Whenever the word "Leather" shows up in a line of the data, copy that line.

********

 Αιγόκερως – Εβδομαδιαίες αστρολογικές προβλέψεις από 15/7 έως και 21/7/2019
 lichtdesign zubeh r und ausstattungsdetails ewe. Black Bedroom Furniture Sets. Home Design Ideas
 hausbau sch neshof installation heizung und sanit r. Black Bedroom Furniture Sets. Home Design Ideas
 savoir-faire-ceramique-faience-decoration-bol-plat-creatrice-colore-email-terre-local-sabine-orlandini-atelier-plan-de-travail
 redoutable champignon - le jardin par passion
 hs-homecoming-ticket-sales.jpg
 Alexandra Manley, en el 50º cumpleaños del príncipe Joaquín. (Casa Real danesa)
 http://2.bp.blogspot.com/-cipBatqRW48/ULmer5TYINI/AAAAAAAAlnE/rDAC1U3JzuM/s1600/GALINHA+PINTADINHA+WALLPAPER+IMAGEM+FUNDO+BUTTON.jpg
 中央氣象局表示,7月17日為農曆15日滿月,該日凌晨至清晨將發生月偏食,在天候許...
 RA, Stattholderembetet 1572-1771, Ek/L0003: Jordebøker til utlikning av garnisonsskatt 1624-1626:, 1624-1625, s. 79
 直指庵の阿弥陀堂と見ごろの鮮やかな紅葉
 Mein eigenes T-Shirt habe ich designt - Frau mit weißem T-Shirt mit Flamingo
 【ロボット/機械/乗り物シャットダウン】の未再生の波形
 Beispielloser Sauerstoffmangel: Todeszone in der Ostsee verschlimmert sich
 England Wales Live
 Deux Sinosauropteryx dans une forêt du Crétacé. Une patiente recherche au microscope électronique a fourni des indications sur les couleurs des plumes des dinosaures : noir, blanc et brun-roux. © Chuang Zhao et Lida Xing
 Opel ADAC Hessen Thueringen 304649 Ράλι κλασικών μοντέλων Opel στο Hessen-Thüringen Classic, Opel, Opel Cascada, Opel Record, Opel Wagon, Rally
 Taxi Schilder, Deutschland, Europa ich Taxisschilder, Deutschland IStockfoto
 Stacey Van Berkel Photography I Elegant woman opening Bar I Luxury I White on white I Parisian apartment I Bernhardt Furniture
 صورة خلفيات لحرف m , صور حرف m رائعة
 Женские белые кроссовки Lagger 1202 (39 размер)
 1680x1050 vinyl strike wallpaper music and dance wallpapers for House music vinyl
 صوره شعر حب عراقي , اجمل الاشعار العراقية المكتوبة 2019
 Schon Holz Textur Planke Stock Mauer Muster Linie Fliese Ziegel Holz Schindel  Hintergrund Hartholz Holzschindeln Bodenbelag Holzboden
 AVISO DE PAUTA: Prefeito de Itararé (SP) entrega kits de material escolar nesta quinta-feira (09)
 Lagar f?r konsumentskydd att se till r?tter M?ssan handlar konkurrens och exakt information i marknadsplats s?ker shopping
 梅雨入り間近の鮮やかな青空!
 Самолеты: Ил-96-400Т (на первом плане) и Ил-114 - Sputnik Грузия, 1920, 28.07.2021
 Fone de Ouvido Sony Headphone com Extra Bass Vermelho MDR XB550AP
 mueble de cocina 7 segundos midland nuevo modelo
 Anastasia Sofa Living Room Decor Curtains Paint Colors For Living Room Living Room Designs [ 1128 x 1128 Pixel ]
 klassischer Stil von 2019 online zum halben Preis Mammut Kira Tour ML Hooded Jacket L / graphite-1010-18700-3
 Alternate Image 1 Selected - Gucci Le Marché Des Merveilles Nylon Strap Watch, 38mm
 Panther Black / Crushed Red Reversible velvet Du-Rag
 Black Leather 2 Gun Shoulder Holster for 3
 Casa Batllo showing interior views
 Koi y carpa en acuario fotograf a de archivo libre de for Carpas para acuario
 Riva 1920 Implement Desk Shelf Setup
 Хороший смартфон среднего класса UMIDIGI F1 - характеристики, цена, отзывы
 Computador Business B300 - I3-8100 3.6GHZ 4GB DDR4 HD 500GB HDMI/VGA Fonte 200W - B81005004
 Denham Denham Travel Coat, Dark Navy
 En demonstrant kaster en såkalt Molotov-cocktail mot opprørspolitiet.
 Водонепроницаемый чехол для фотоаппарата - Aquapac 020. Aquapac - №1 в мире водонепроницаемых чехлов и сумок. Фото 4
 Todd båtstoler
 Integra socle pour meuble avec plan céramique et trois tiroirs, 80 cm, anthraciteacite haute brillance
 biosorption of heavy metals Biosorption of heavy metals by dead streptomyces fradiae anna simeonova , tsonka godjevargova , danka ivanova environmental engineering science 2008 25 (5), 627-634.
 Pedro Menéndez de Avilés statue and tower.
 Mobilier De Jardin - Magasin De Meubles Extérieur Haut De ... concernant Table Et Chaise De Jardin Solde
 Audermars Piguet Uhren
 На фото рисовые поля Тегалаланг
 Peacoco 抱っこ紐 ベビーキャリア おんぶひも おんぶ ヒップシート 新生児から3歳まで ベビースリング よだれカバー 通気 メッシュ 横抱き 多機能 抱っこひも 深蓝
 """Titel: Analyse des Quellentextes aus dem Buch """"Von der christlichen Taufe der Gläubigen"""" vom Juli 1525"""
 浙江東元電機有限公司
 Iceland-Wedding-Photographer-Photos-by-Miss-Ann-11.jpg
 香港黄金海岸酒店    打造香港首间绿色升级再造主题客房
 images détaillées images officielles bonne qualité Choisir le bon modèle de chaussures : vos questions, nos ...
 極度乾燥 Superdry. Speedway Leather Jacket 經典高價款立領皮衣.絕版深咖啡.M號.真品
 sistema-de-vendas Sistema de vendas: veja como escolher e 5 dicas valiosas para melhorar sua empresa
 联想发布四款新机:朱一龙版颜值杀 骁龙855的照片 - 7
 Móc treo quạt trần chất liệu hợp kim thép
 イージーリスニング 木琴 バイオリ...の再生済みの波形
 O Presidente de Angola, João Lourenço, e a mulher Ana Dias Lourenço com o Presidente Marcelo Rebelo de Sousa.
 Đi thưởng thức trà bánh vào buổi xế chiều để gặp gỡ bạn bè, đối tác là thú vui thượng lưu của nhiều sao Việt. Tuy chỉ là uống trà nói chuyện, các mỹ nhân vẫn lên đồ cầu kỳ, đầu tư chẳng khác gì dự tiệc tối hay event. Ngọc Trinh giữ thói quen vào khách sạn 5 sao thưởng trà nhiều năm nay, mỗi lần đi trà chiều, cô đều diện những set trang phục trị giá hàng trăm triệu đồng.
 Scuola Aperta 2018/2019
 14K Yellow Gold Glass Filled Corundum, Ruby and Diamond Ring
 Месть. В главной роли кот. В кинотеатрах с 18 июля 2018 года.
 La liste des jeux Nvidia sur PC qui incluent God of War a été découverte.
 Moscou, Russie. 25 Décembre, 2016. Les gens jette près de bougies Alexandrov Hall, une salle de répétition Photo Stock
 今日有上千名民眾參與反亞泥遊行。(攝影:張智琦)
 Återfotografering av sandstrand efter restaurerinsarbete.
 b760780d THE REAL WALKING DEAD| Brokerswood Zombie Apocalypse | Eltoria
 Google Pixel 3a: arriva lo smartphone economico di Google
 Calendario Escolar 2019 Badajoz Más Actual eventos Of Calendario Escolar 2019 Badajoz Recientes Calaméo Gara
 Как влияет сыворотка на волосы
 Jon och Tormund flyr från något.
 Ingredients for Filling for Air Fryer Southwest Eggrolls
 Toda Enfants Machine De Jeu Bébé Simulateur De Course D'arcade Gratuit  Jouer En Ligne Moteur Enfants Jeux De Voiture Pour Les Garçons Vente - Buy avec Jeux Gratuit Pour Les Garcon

********

Solution to this task
 Black Leather 2 Gun Shoulder Holster for 3
 極度乾燥 Superdry. Speedway Leather Jacket 經典高價款立領皮衣.絕版深咖啡.M號.真品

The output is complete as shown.